▸ **DATA EXTRACT**:
###

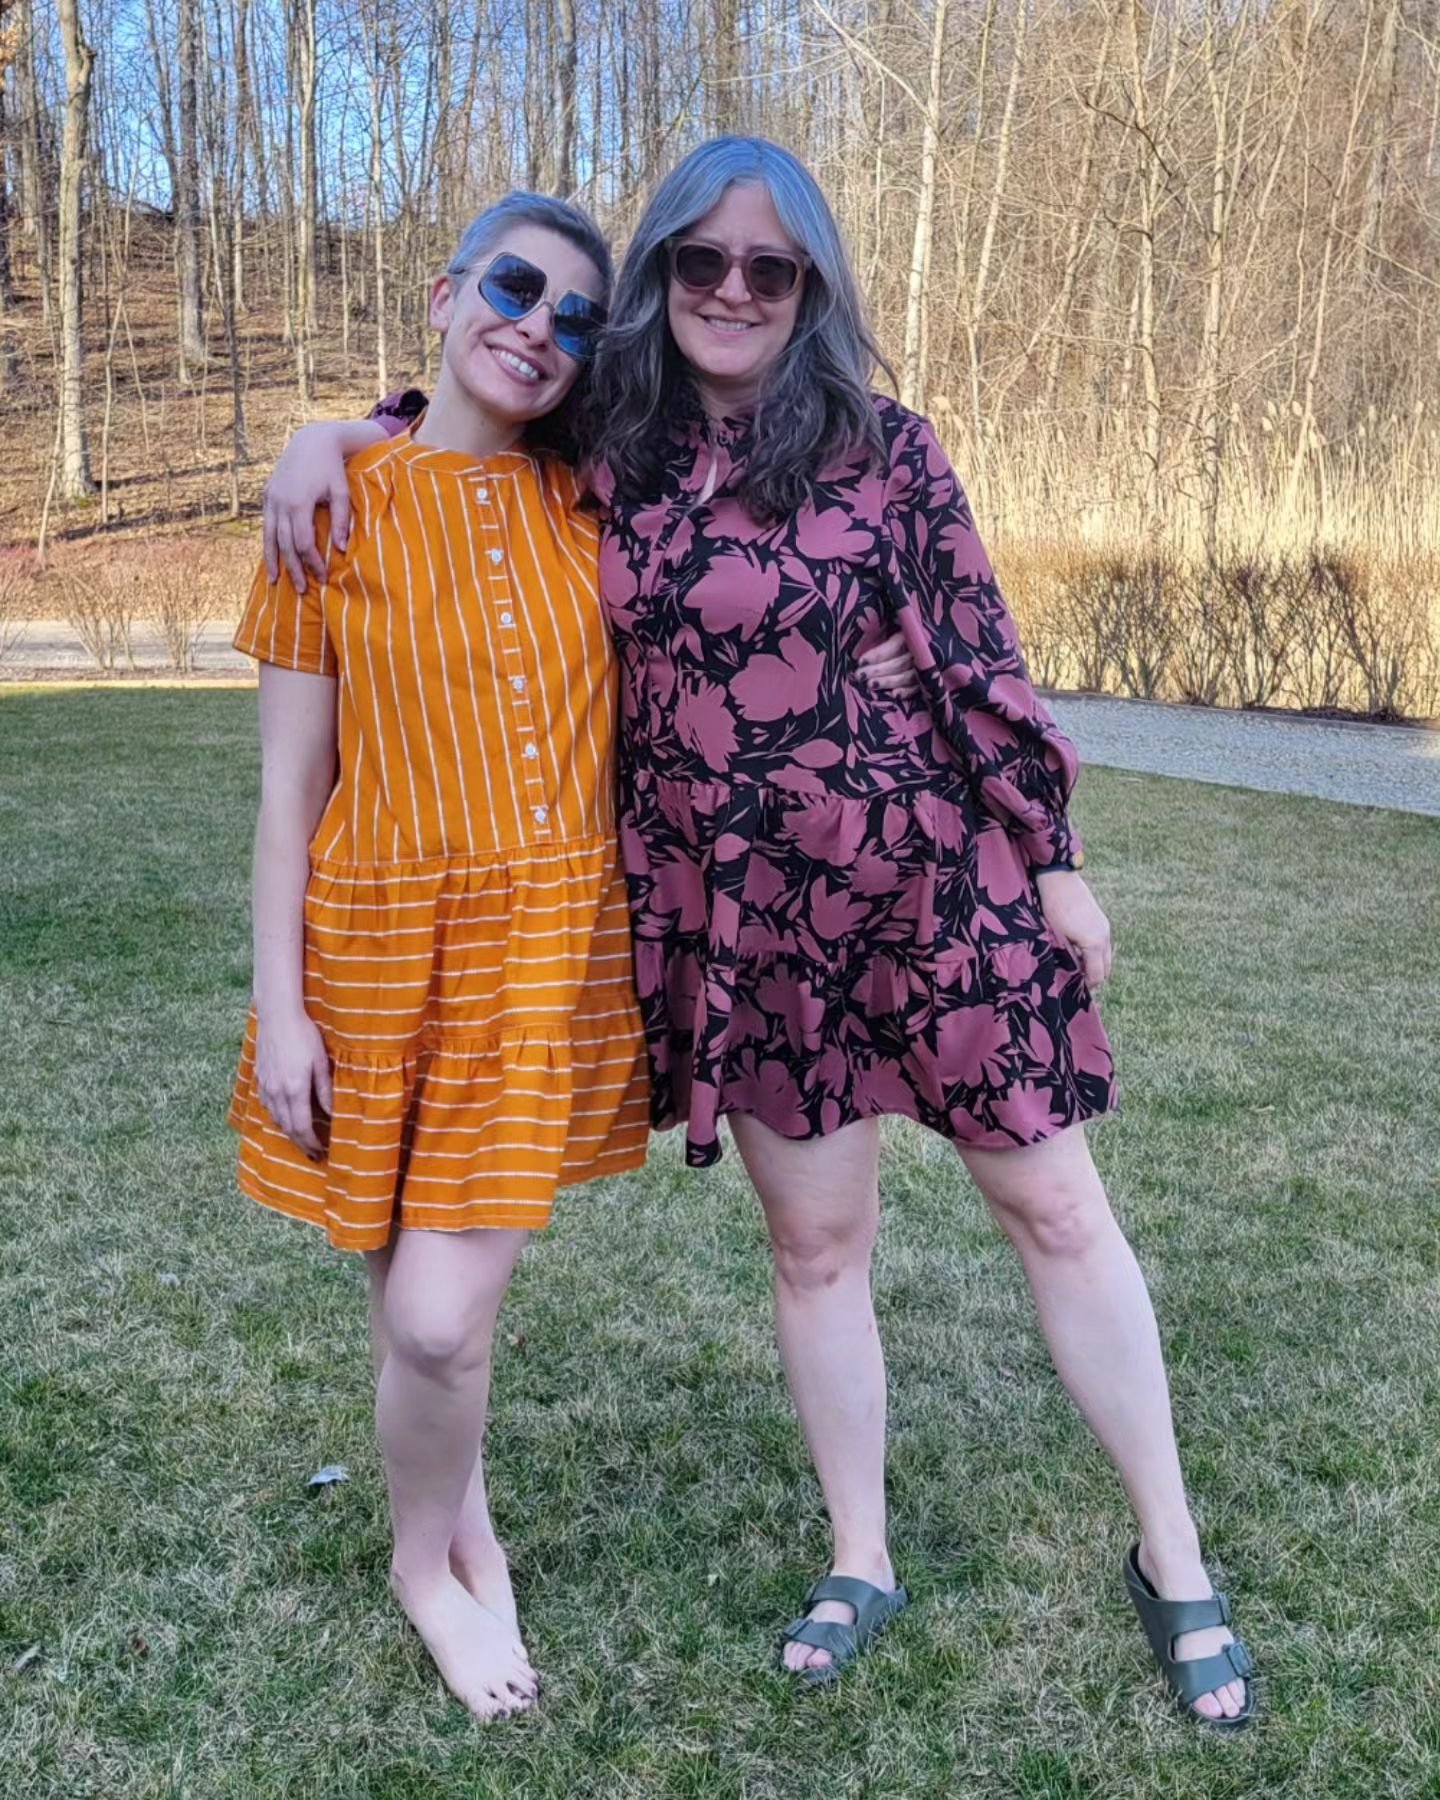 Me Made May day 12!

Ok this pic was not taken today but the second pic was! Little porch pic gets sidelined for these pics from our sewing retreat back in March when Jen and I made her new Poppy Dresses, coming soon! #grainlinepoppy #grainlinestudio
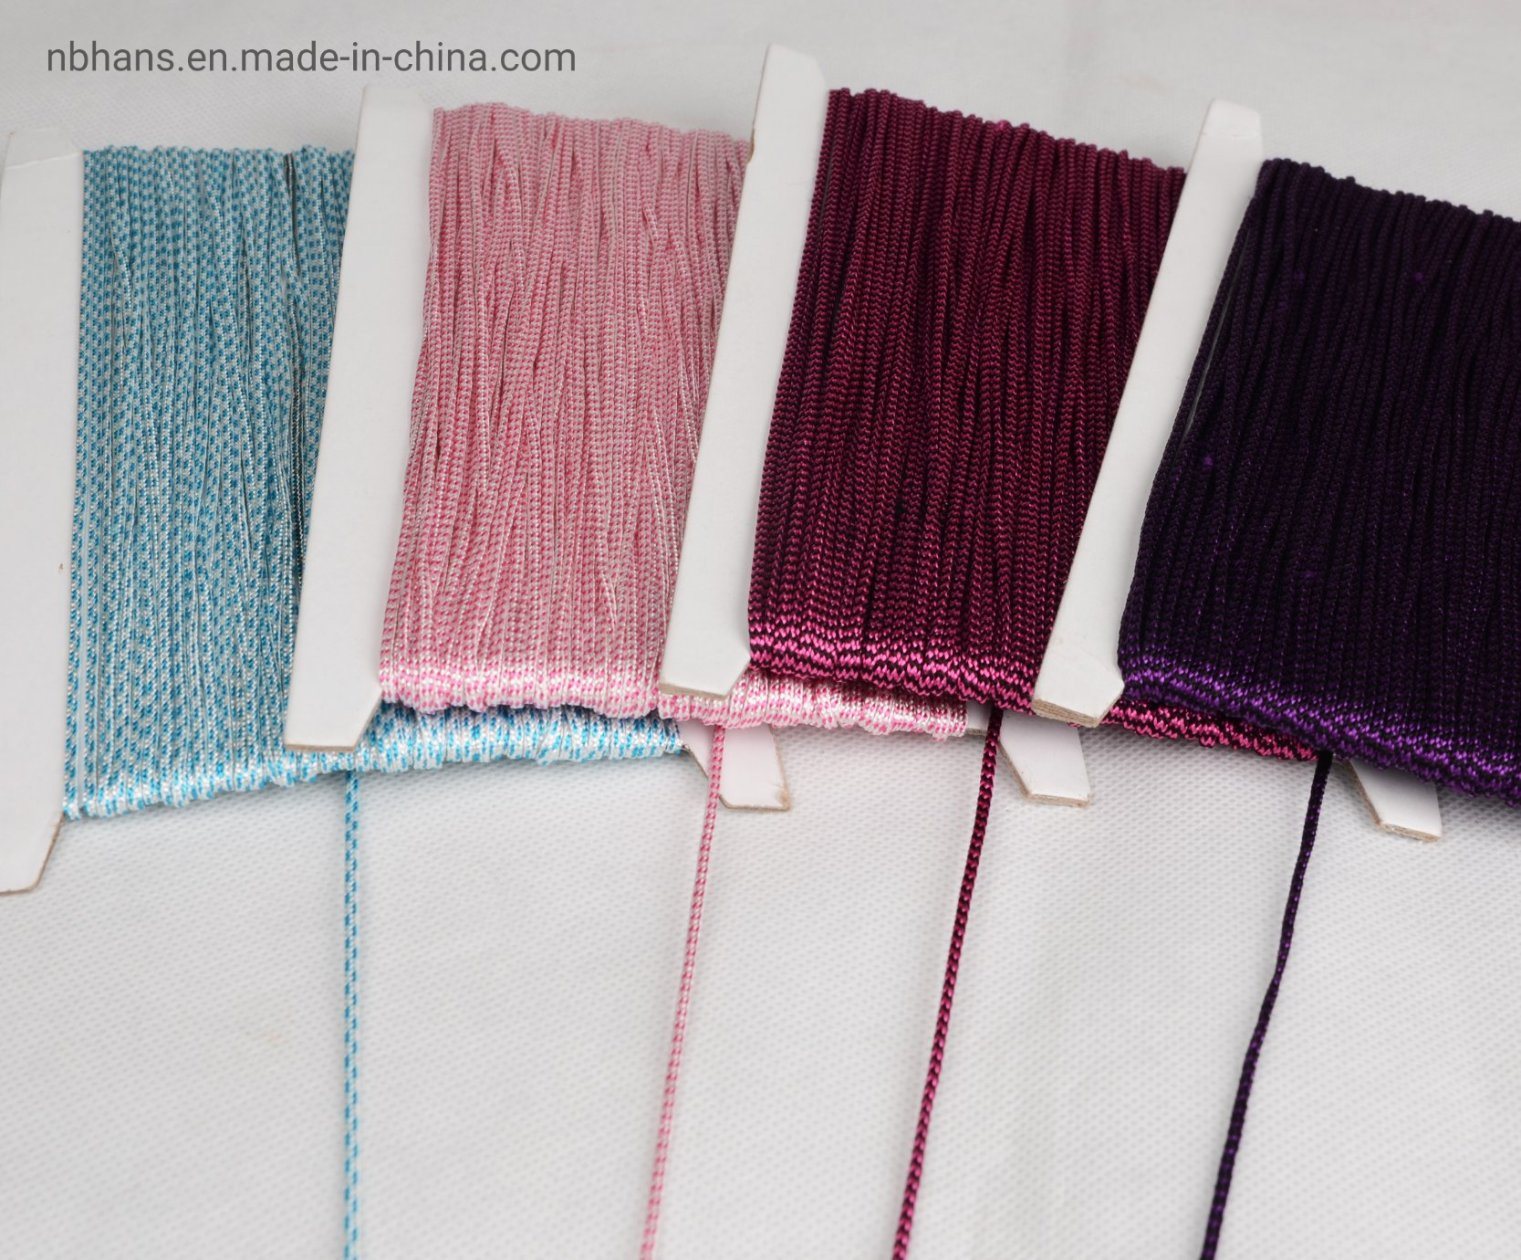 Wholesale Flat 100 % Rayon Cord Japan Type Plain 144yds Pure Color Twin Color for Machine Sewing Garment
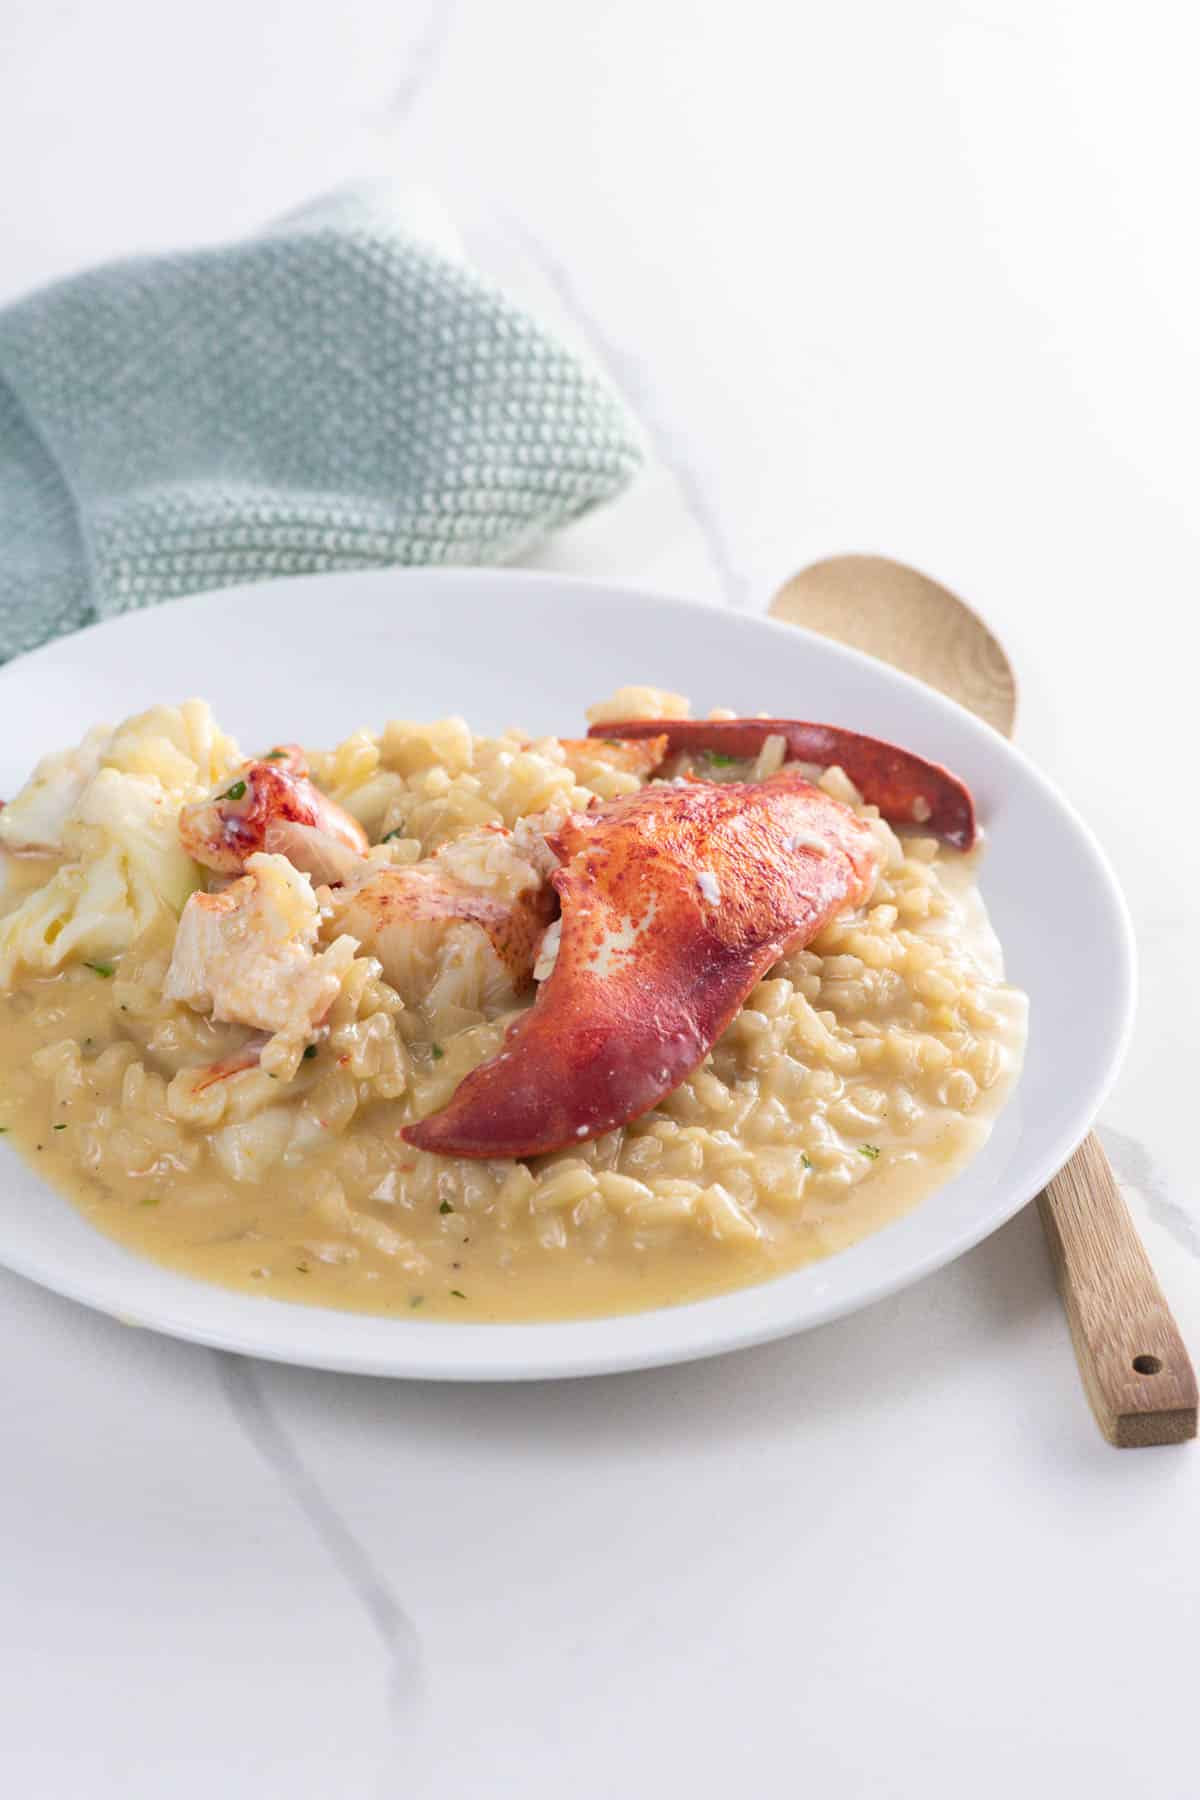 lobster risotto on a plate with a napkin and a small wooden spoon

###

▸ **WHAT YOU NEED TO DO**:
Your output should be only the lines from the line with "Wholesale Flat 100" through the end of the data, exactly as they stand, and no pictures.

▸ **RESPONSE TO THIS TASK**:
 Wholesale Flat 100 % Rayon Cord Japan Type Plain 144yds Pure Color Twin Color for Machine Sewing Garment
 lobster risotto on a plate with a napkin and a small wooden spoon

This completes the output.